А она была слишком самонадеянна.
Ветви цепляются за крылья, и она теряет счет времени, а силы совсем на исходе…
Ей не хватает воздуха. Потому что в Дэйе он недвижим, он горячий, влажный и похож на густую паутину, прилипающую к крыльям. Ей бы совсем немного, всего один восходящий поток, чуть-чуть ветра, который вынесет её на поверхность…
Дыхание Зверя совсем близко, и оно опаляет. Внутри у неё разгорается пламя, и она видит, как с перьев на крыльях срывается каплями кровь и превращается в жидкий огонь. Ей жарко, невыносимо жарко, лицо пылает, и лёгкие рвутся с хрипом. Она задыхается.
Сейчас она просто сгорит…
— Кэтриона! Очнись!
Голос приходит издалека. И это голос ветра.
— Очнись! Слышишь!
Ветер хлещет её по щекам, и он такой живительно прохладный…

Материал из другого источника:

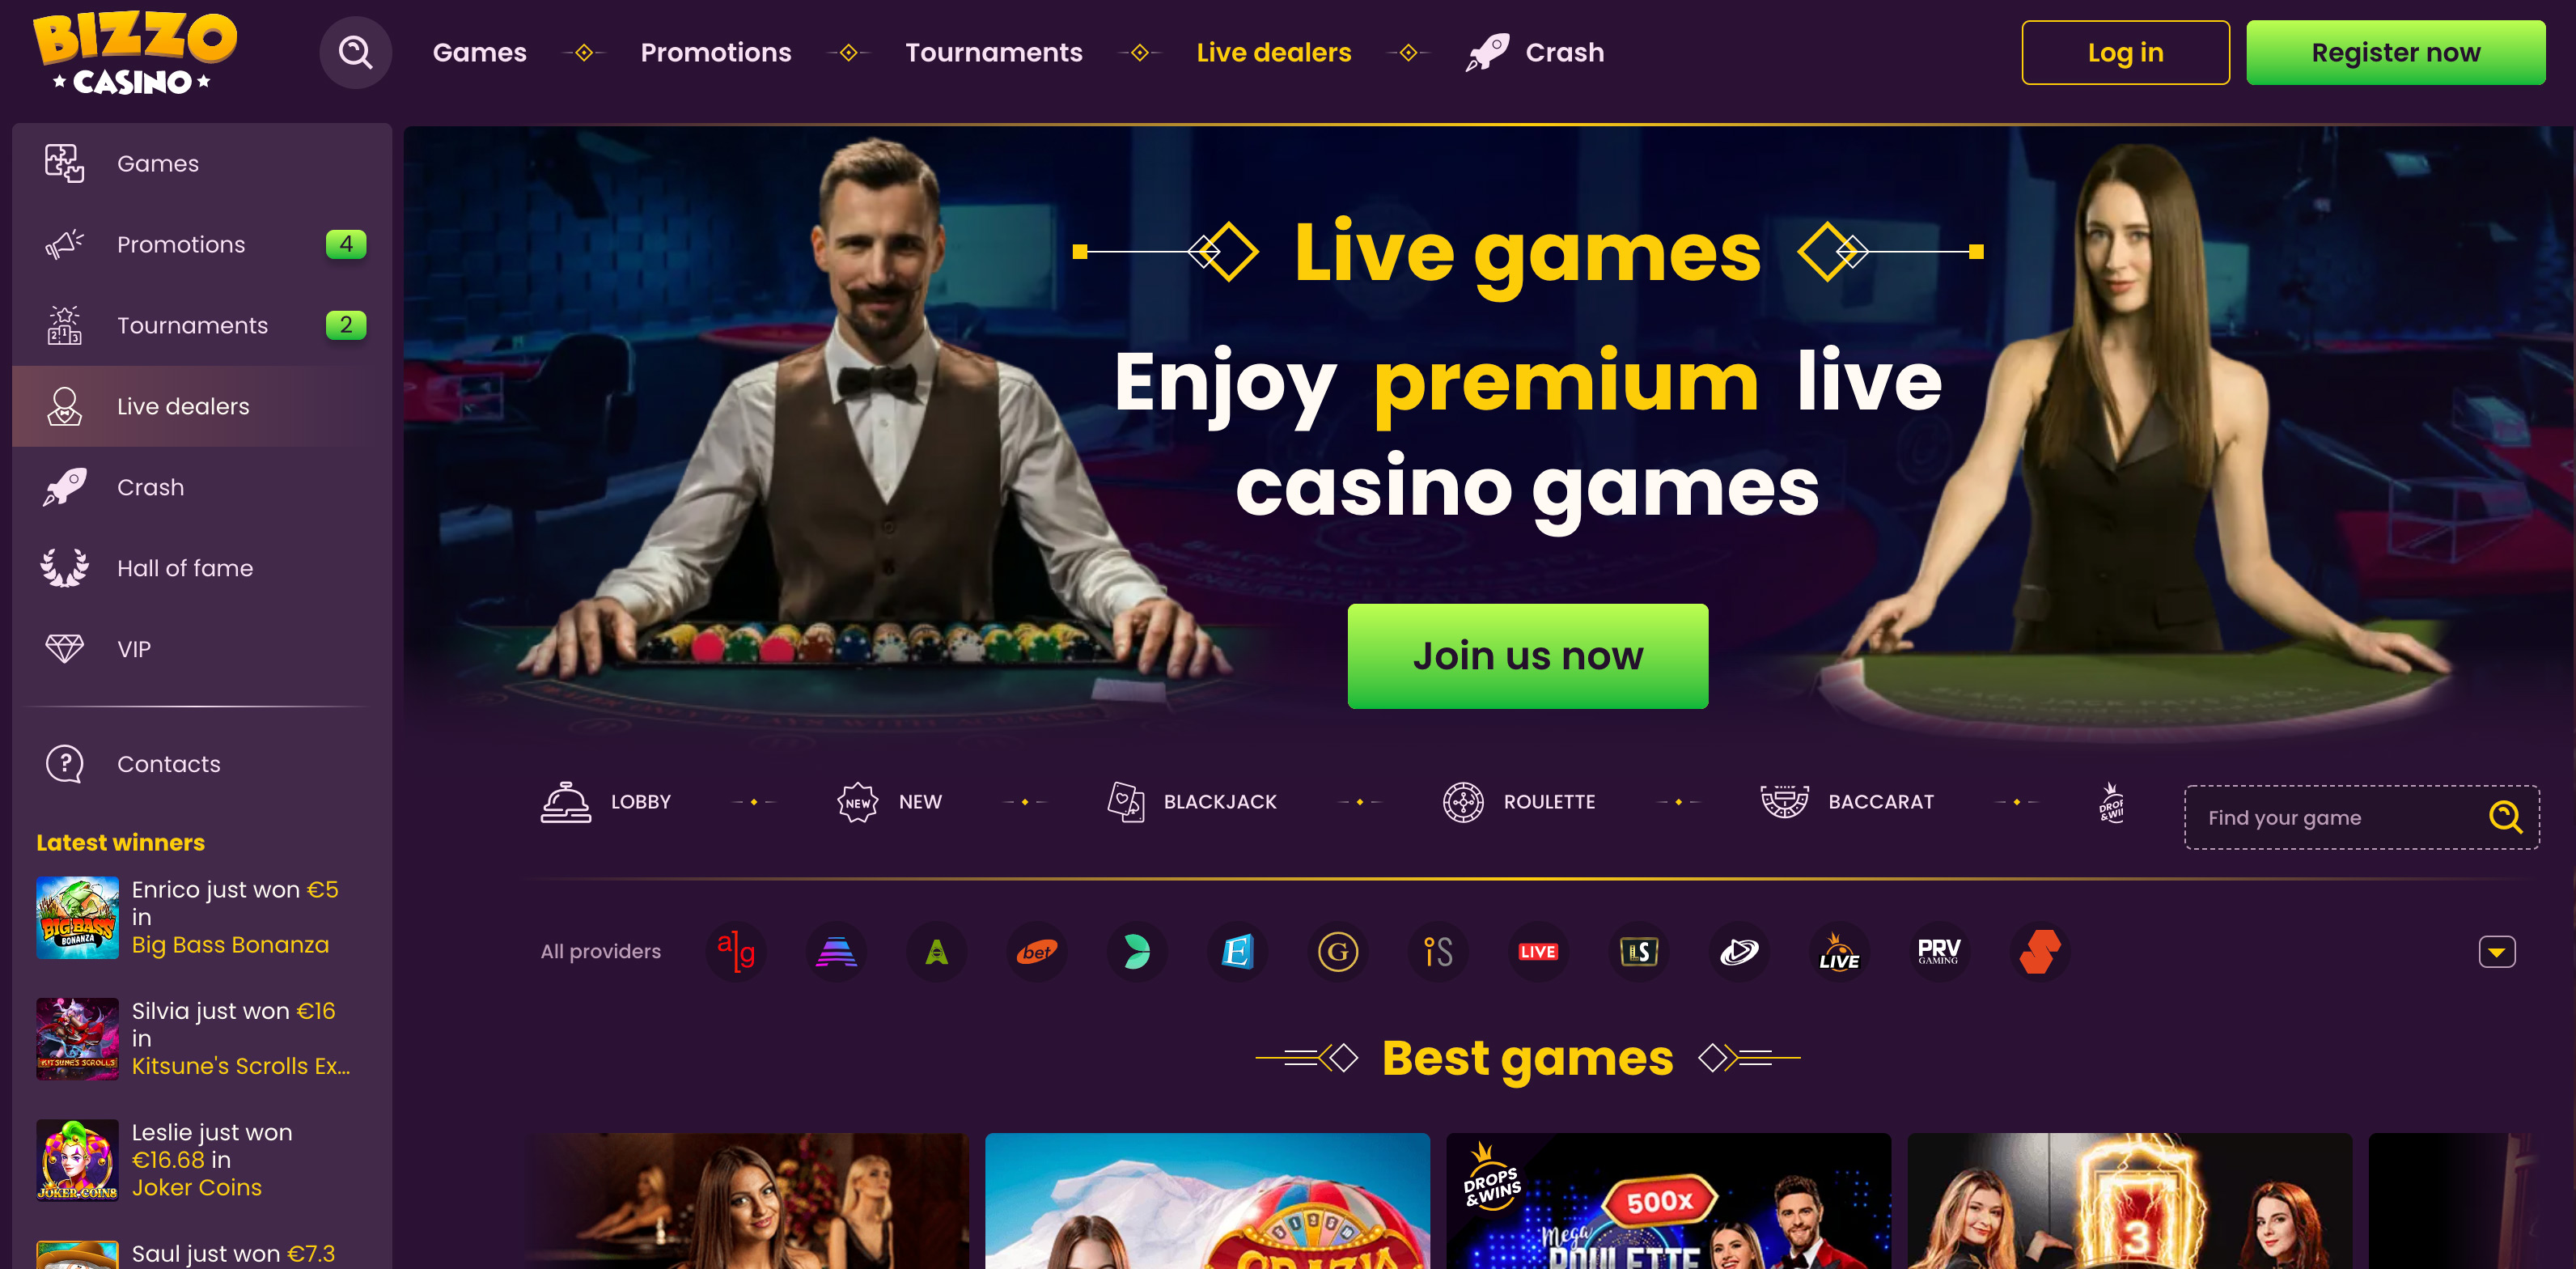 Live Casino Games on Bizzo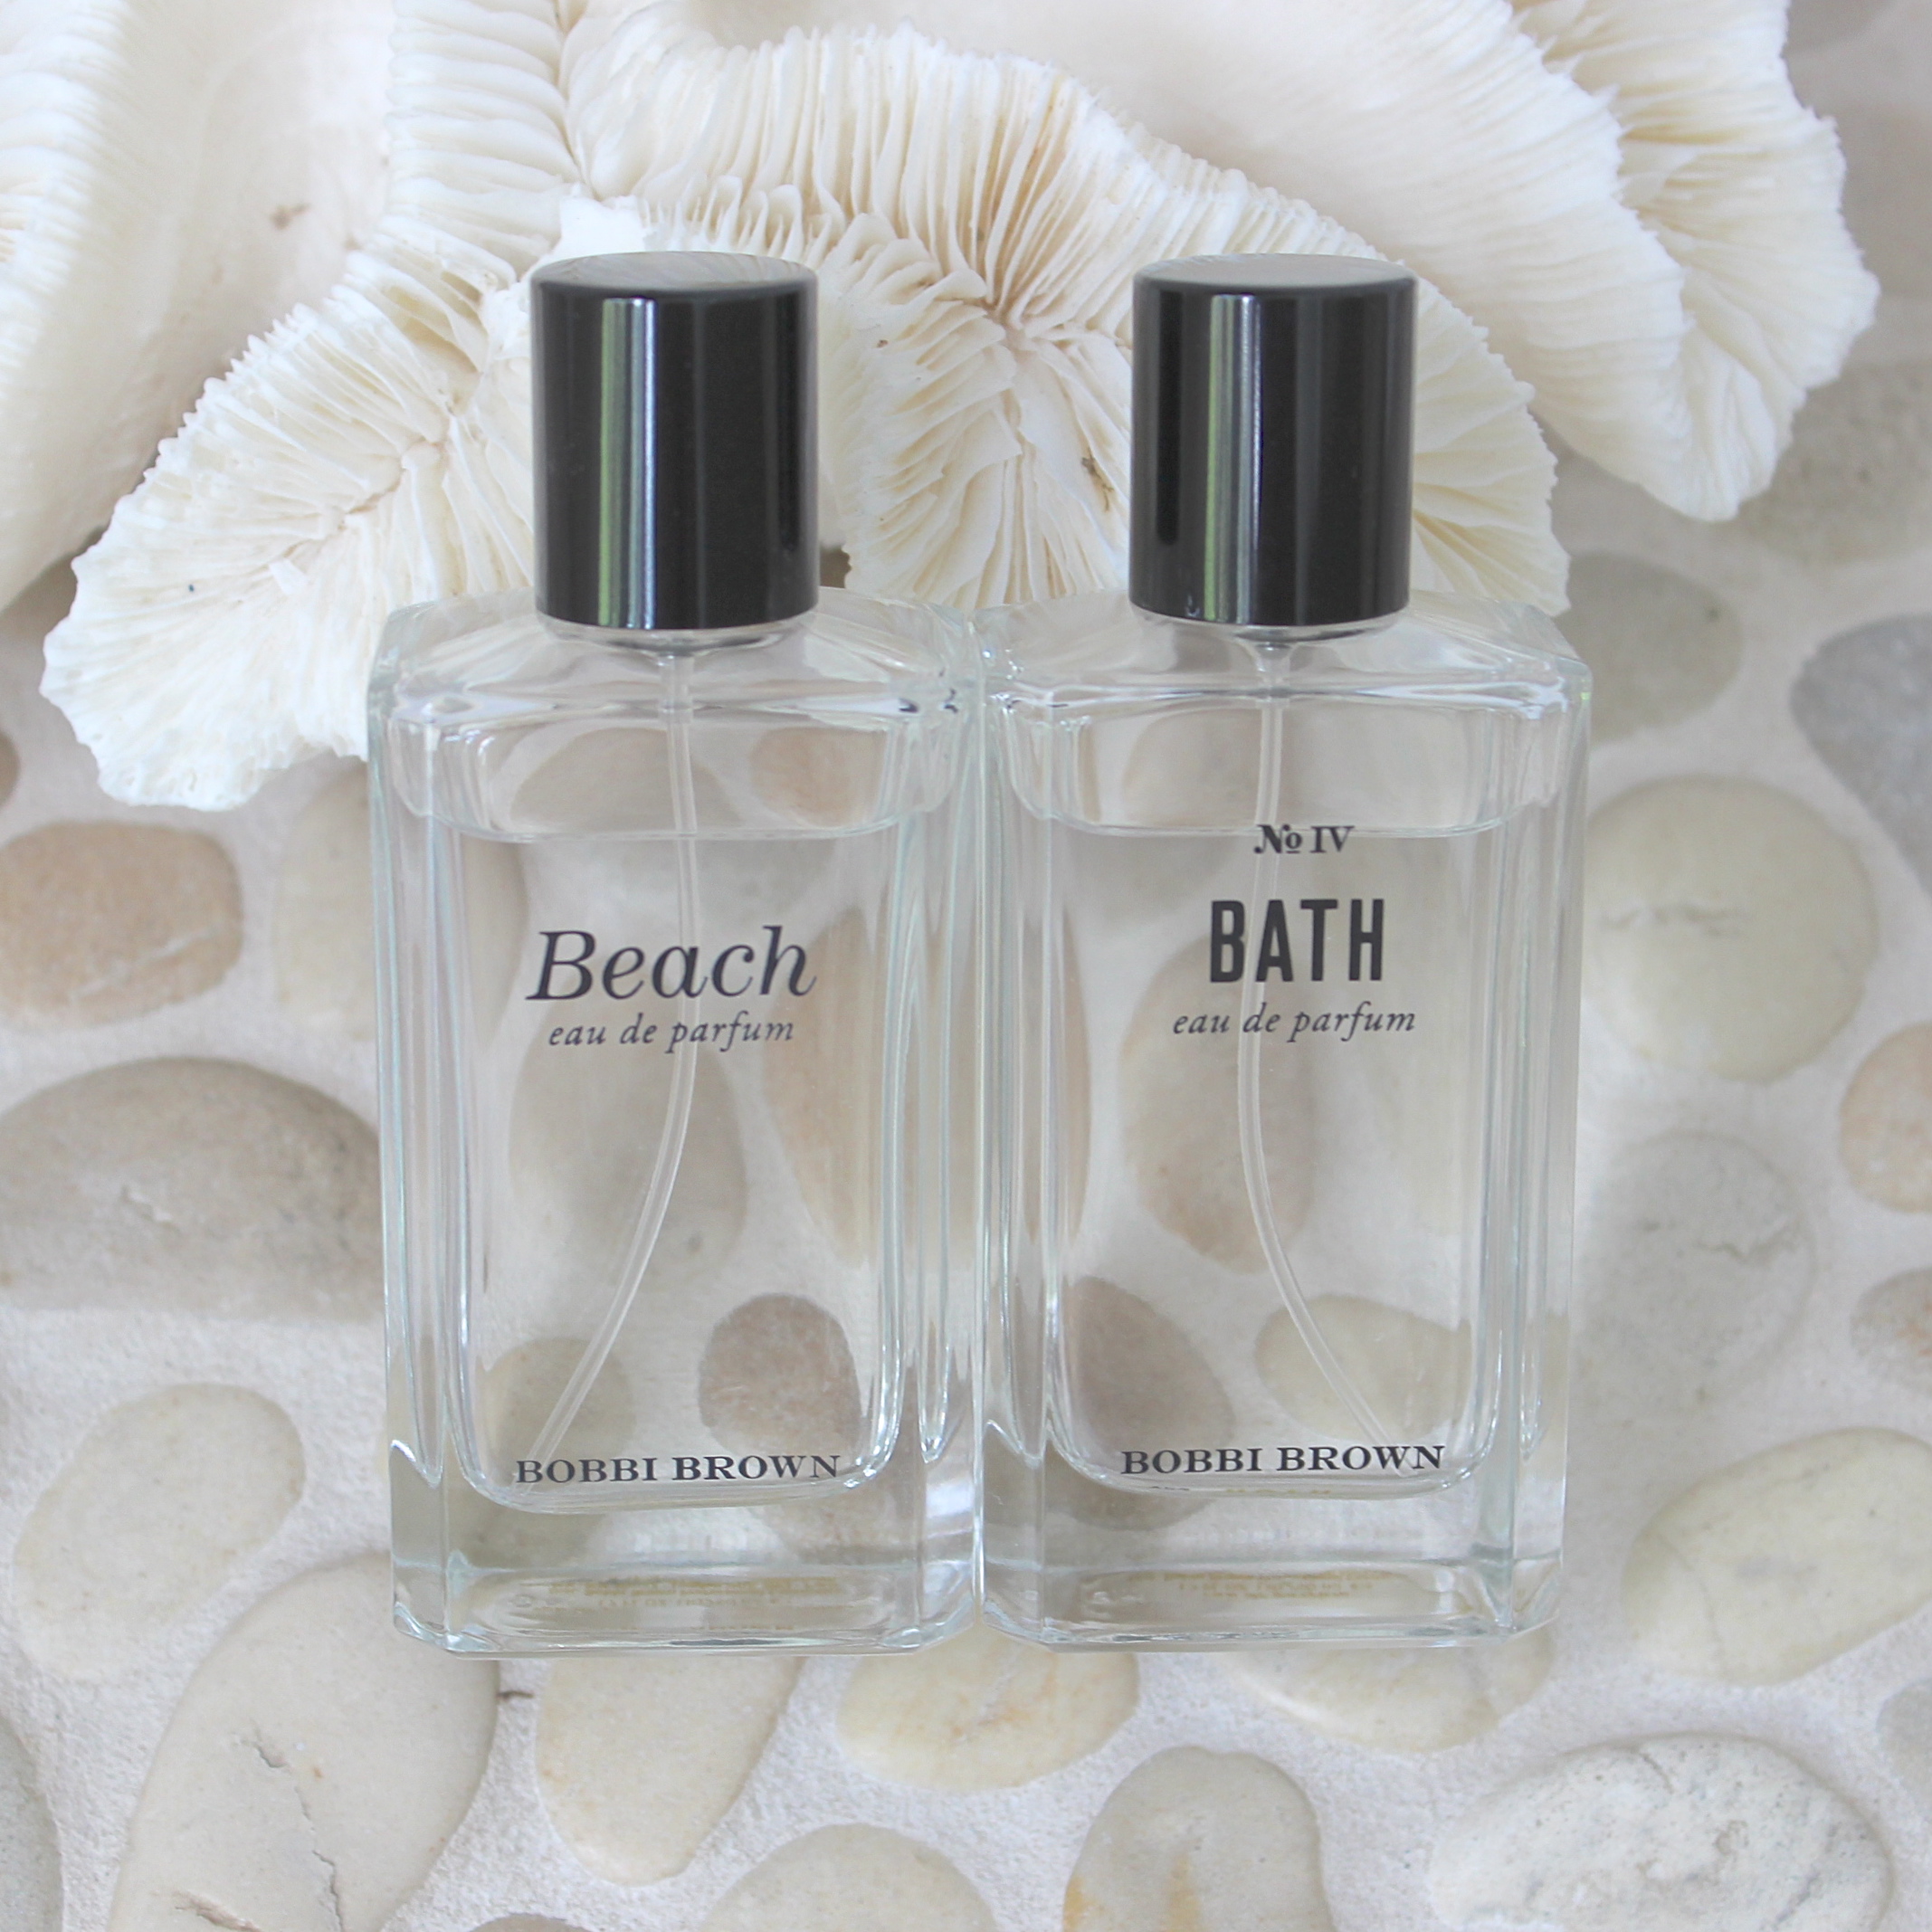 Bobbi Brown Beach and Bath Perfume

— Кэтриона! Мать твою, очнись же! Очнись!
…ветер льется откуда-то сверху, и из последних сил она взмывает за ним и вливается в восходящий поток. Это он хлещет её по щекам, и она ловит его ртом, вдыхая глубже и глубже. Крылья наливаются новой силой и новым огнем. Совсем другим огнем. Неведомым ей прежде. Живительным и лёгким, и крылья поднимают её над серым лесом.
Сумрачные небеса Дэйи несутся ей навстречу, дымка тает, разрывается в клочья, и она выныривает на поверхность. Сзади долетает разочарованный яростный рев, и в самый последний момент, когда она уже не там, но ещё и не здесь, отчаянный рывок Зверя, и его коготь, самый длинный из всех, успевает зацепить её крыло и пройтись по нему лезвием.
Кэтриона с криком открыла глаза.
Она лежала на земле, на влажной листве среди развалин, и Рикард сидел рядом, обхватив её руками, тряс за плечи, и ее голова болталась из стороны в сторону. И щёки горели, и даже губы, и, казалось, что на них кровь…
— Слава Богам! — воскликнул Рикард, держа её за плечи и глядя в глаза.
Он испуган.
И внезапно он прижал её к себе со словами:
— Что это, мать твою, такое было?!
Голос не слушался, Кэтриона пошевелила рукой и прошептала:
— Больно…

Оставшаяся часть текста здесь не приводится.